Chesterton's Offence: Before we change a word, we should first understand why it was there in the first place. :P


This is when Ministry of Truth comes into play. The main character's job in 1984 was literally this: rewriting history when it came into conflict with the updated "truth". Orwell didn't foresee that in a world of computers, such updates are trivially made: no need to reprint newspapers and books, since all of them are virtual.


Master character.


This is tech. 20 years of tutorials are always becoming slightly wrong.

Don't tell me you're still using bare pointers, `new` and `delete` in your C++ classes instead of using smart_ptr fields, or explicitly declaring local variable types instead of using `auto`...


They were responding to the claim that the master -> main change has "no cost", which is clearly untrue.


It's an amortized zero cost because training material is continuously out of date and churning anyway. Amortized in the sense that the cost would be paid one way or the other, because people would still be updating their documentation.


You can make the same argument about breaking changes. Code is constantly changing and needs to be updated, so breaking backwards compatibility is zero-cost?

In reality each change that requires updates to documentation (or code) is of course not actually zero cost.


Not only can you, we often do in the circles I've run in.

Adapt or die is the motto out here.


> Adapt or die is the motto out here

This is pretty much the view of the left now :p


Refactor mercilessly.


Does this mean we should never make progress or change anything?

Also if your tutorials are using a base repository to work from, then you can still have the branch "master" it's just not default. So your existing repos should still work. And if you changed your repo then you should be responsible for updating your documentation to reflect that. It's just good practice.


I fail to see how changing the names from "master" and "slave" makes any "progress" at all. What is the most concise way to express the idea that one entity is totally subordinate to another, and must comply with every request the other sends?

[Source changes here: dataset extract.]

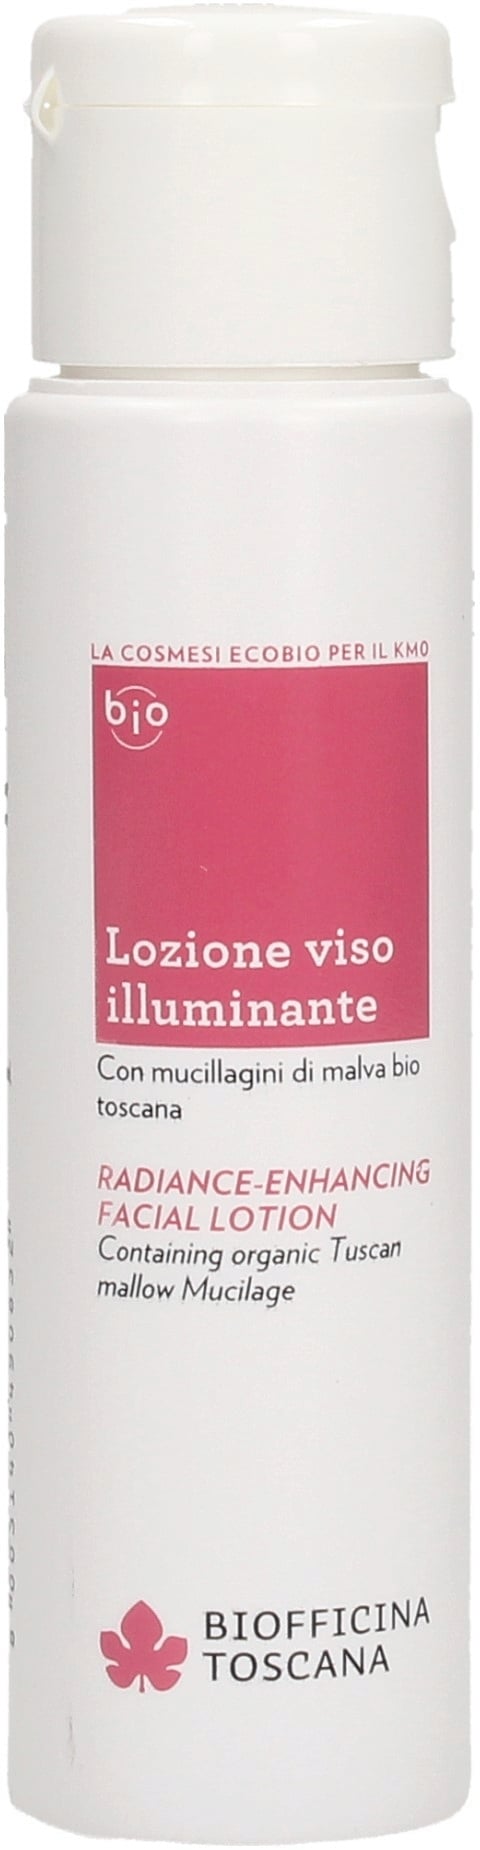 biofficina-toscana-lozione-viso-illuminante-60-ml-826499-it

I struggle to come up with any two terms that make this more clear than "master" and "slave". Just because we've abolished chattel slavery, doesn't mean we should avoid the very words themselves when they are appropriate. Destruction of meaning is far worse than some abstract offense that doesn't seem reasonable to take on behalf of a computer process.


What about giving master a new meaning? Actively banning it conservers its original meaning. Probably nobody today thinks about woman sitting in a room doing calculations when we speak about computers.